Irvine l’avertit qu’il était bienvenu au Canada, mais que comme tout autre citoyen canadien, lui et sa tribu devraient répondre aux autorités policières, s’ils ne respectaient pas les lois de sa Majesté.

Dès son premier jour au Canada, Sitting Bull semble avoir été attiré par Légaré (marchand canadien) et lui a fait confiance. Le chef Sioux désirait notamment, selon le major Walsh, obéir strictement la loi canadienne et ne se comportait jamais sans l’avis du marchand canadien.

Au cours des semaines et des mois, le bien être des Sioux ainsi que celui des Indiens et des Métis canadiens se détérioraient puisque le nombre de bisons diminuait et donc la nourriture était plus rare.
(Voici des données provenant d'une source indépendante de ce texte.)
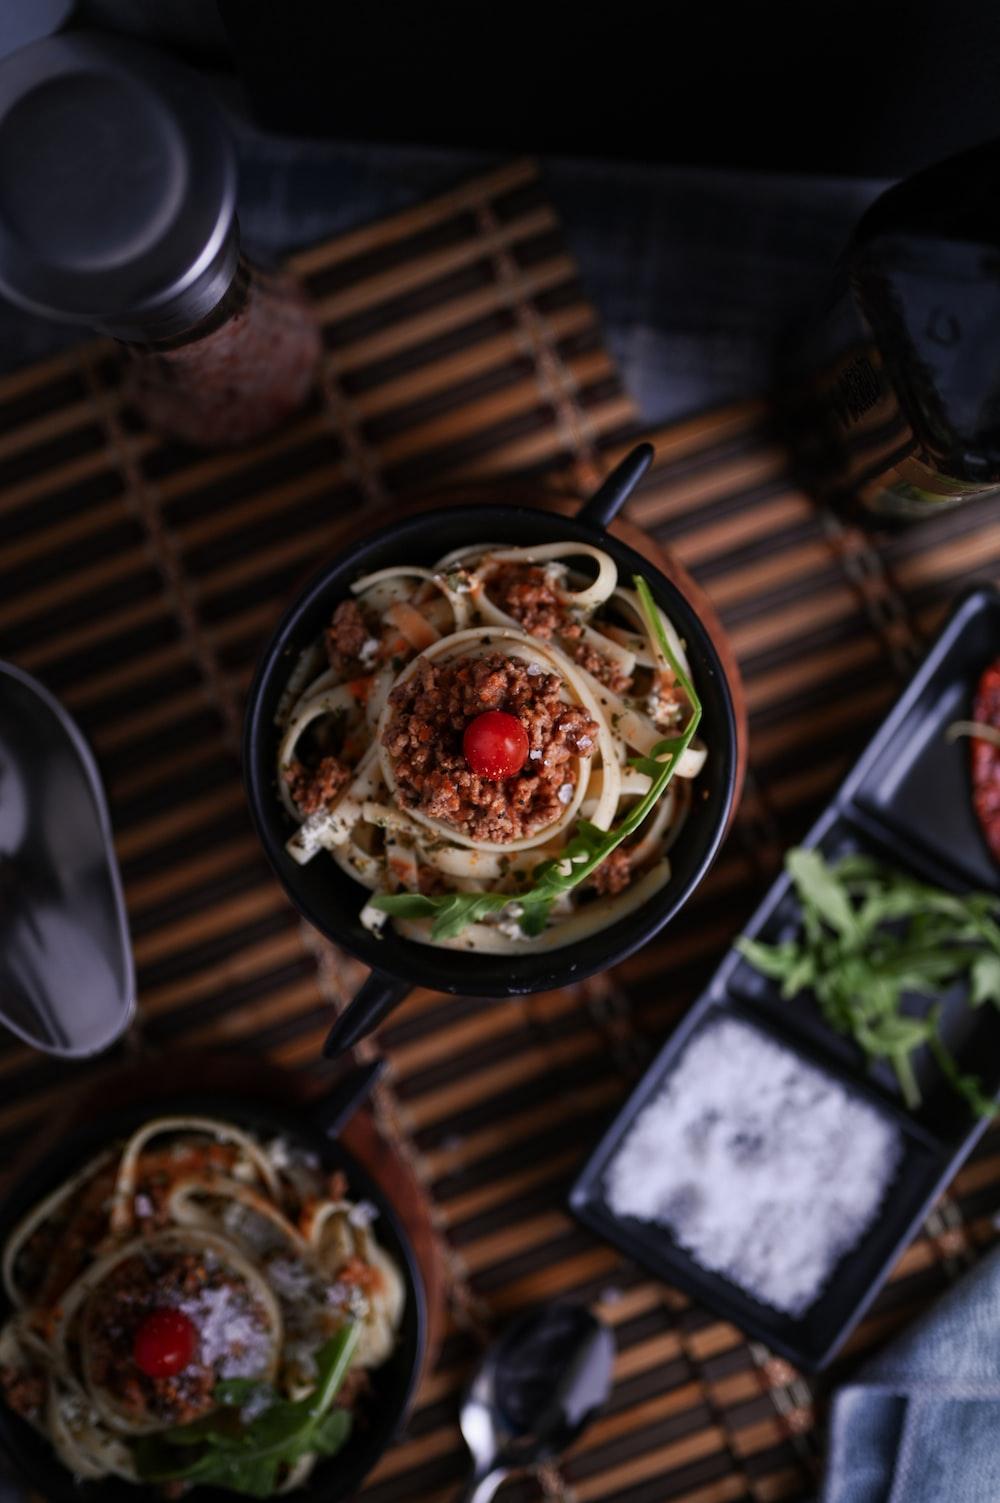 black bowl with food near sauce bowl

Missionnaires et officiers de l’armée américaine offrirent à Sitting Bull, au nom du gouvernement américain, le pardon s’il retournait aux États-Unis.

Tenace, Sitting Bull refusa malgré le départ de plusieurs groupes de Sioux du Canada vers les États-Unis en 1879.

Sitting Bull fit tout ce qu’il put afin que ses Indiens puissent être reconnus comme Canadiens et être alloués de réserves.

Malheureusement, la conjoncture fit en sorte que le gouvernement refusa d’allouer un terrain sur une réserve à la tribu de Sitting Bull. Ils se verront donc simplement accorder un sanctuaire.

 

Au début de l’automne de 1881, Sitting Bull, accompagné de quelques guerriers, se rendit au poste de la Baie d’Hudson à Fort Qu’Appelle où se retrouvait l’agent indien, Colonel Allen MacDonald pour ainsi se procurer de la nourriture.

L’agent indien, les avait informés qu’il n’avait pas assez de nourriture à distribuer à la tribu de Sittiing Bull.

Ils repartirent donc, vers Wood Mountain, bredouilles de leur rencontre. Sur le chemin en direction de Wood mountain, Sitting Bull apprit que le père Hugonard, directeur de la mission oblate dans la vallée de qu’Appelle, avait commandé de la farine.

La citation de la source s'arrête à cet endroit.